Updating by document ID using parameters

// perform a patch by document ID
IndexQuery indexQuery = new IndexQuery(
    "from @all_docs as d " +
        " where id() in ($ids)" +
        " update " +
        " {" +
        "    d.Updated = true; " +
        "} "
);
Parameters parameters = new Parameters();
parameters.put("ids", new String[]{"orders/1-A", "companies/1-A"});
indexQuery.setQueryParameters(parameters);
Operation operation = store
    .operations()
    .sendAsync(new PatchByQueryOperation(indexQuery));

operation.waitForCompletion();

Updating all documents

// perform a patch on all documents using @all_docs keyword

Operation operation = store
    .operations()
    .sendAsync(new PatchByQueryOperation(new IndexQuery(
        "from @all_docs " +
            " update " +
            "{ " +
            "  this.Updated = true;" +
            "}"
    )));

operation.waitForCompletion();

Patch on stale results

// patch on stale results

QueryOperationOptions options = new QueryOperationOptions();
options.setAllowStale(true);

Operation operation = store
    .operations()
    .sendAsync(new PatchByQueryOperation(new IndexQuery(
        "from Orders as o " +
            "where o.Company = 'companies/12-A' " +
            "update " +
            "{ " +
            "    o.Company = 'companies/13-A';" +
            "} "
    ), options));


operation.waitForCompletion();

Additional notes

Safe By Default

By default, set based operations will not work on indexes that are stale. The operations will only succeed if the specified index is not stale. This is to make sure you only delete what you intended to delete.

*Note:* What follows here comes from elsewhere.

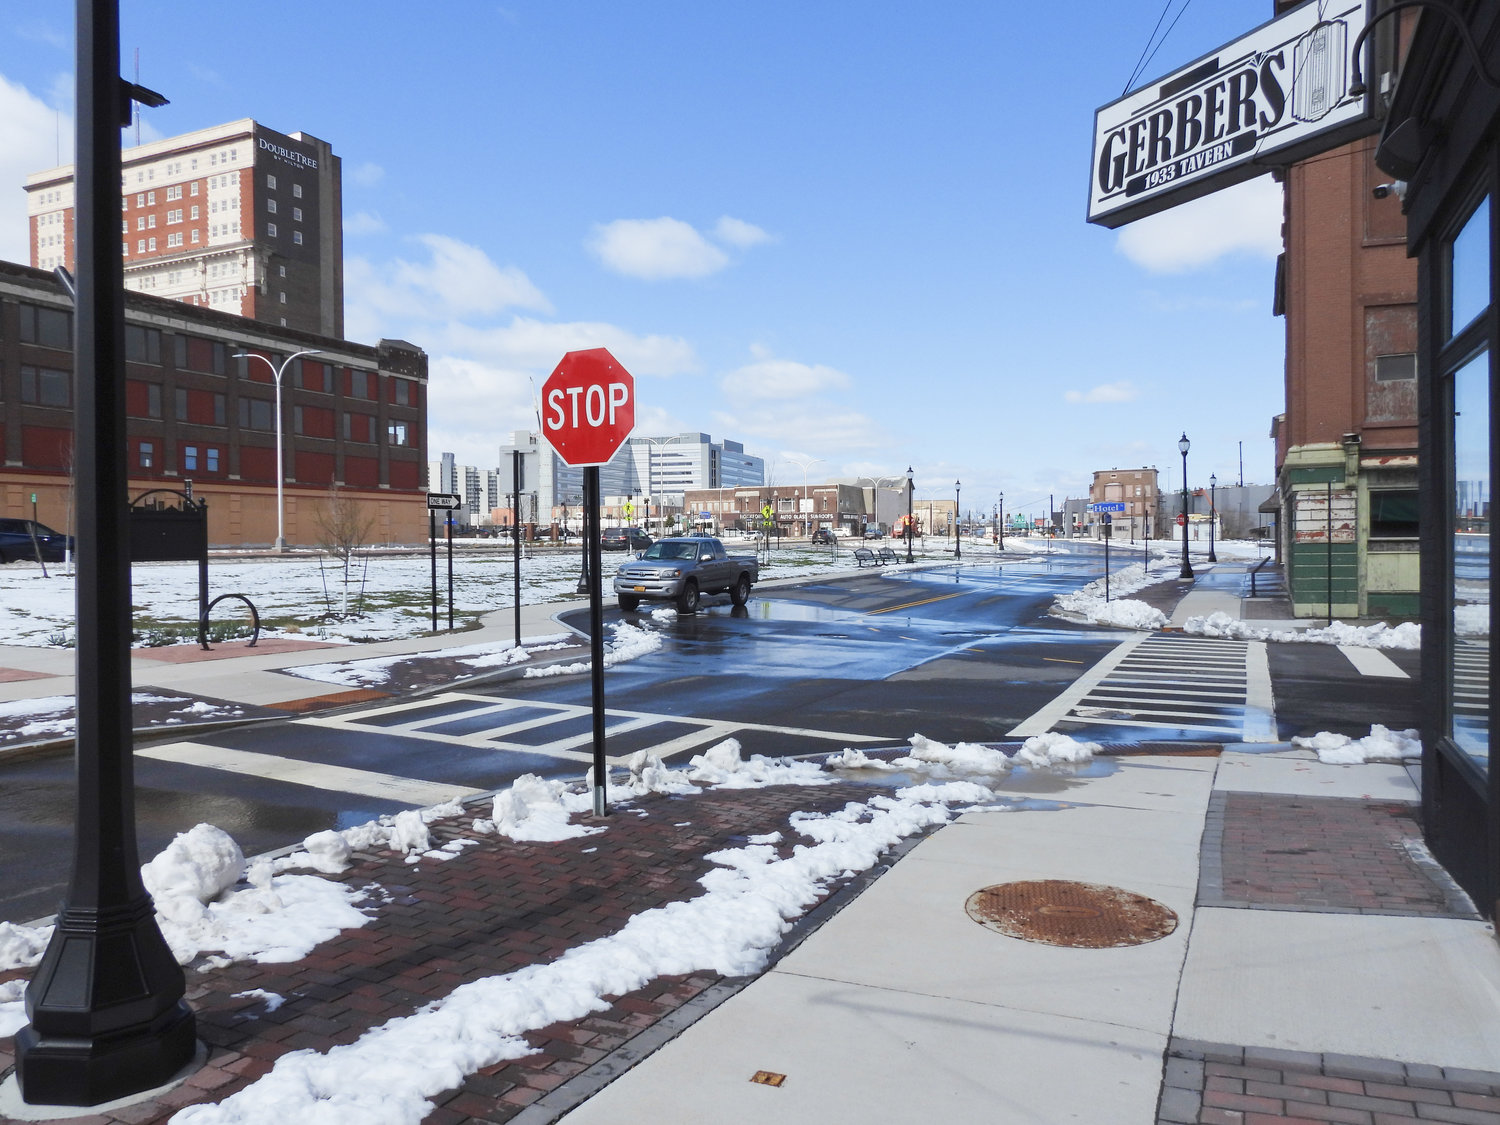 WALKABLE UTICA — Mark Mojave, owner of Gerber's 1933 Tavern, speaks highly of the walkable sidewalks and paths through Bagg's Square that came with the highway project, seeing them as a giant step forward for people to safely enjoy what Utica has to offer.
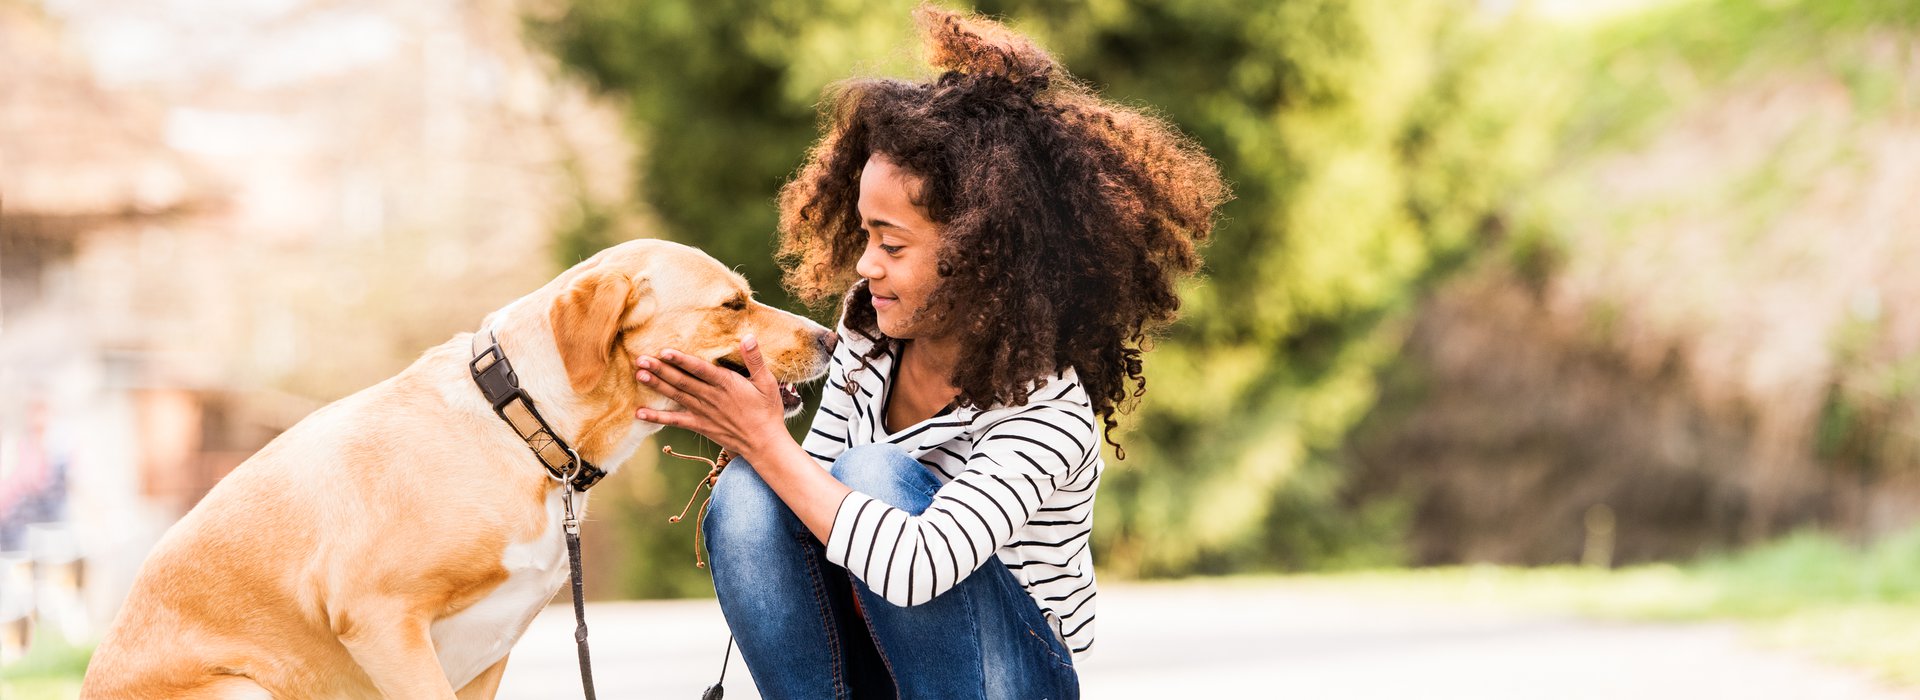 Beautiful african american girl with curly hair outdoors with her cute dog, sitting on skateboard.

For indexes that are updated all the time, you can set the AllowStale field of QueryOperationOptions to true if you want to patch on stale results.

Patching and Concurrency

The patching of documents matching a specified query is run in batches of size 1024. RavenDB doesn't do concurrency checks during the operation so it can happen than a document has been updated or deleted meanwhile.

Patching and Transaction

The patching of documents matching a specified query is run in batches of size 1024.
Each batch is handled in a separate write transaction.